The four young girls are the orphan daughters of Benedict Barnham, merchant of Cheapside and alderman of his ward; an honest fellow who gave his wife a good lift in the world, and left his children to take their chance of rising among men, who, with all their sins, are never blind to the merits of women blessed with youth, loveliness, and wealth. Alice is the first to fall in love; but the three hoydens who now romp around her, and perhaps get many a hug and kiss from her famous lover, will soon be in their turns followed for their bright eyes and brighter gold.
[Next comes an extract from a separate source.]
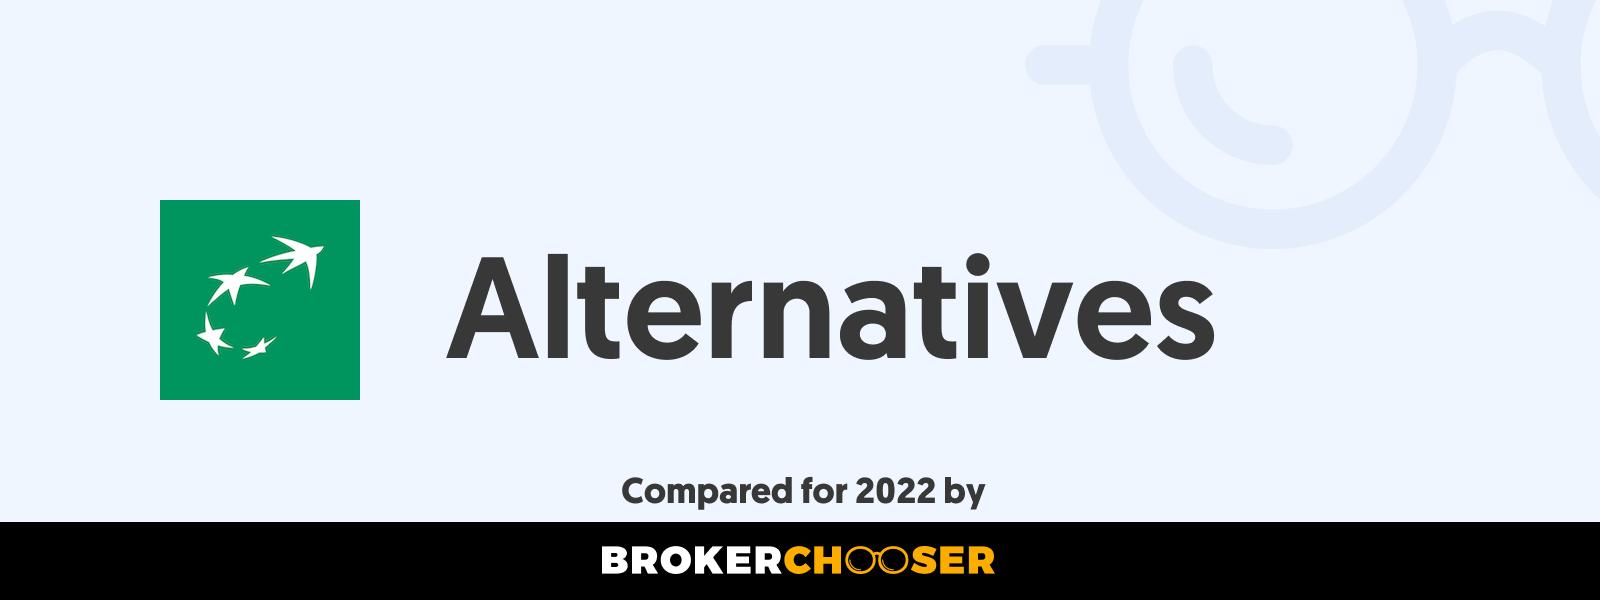 BGL BNP Paribas Alternatives

Elizabeth will marry Mervin Touchet, Earl of Castlehaven, that miserable wretch who, when his first young wife, the hoyden of to-day, is in her grave, will expiate on the block the foulest crime ever charged against an English peer. The two little things now playing at Alice's knee will become, in due time, Lady Constable and lady Soames.
Much more information about Alice is available in The Life of Alice Barnham Wife of Sir Francis Bacon, by Alice Chambers Bunten. London: Oliphants, Ltd., 1919, 1928.
She died, childless, in 1650 and was buried on July 9 in the Parish Church of Eyworth, in Bedfordshire. The register reads: Alice, Viscountess Saint Alban, Widdowe Dowager to Francis Viscount Saint Alban, Lord Chancellor of England, was buried in Ye Church of Eyworth on the South Side therof the 9th July, 1650.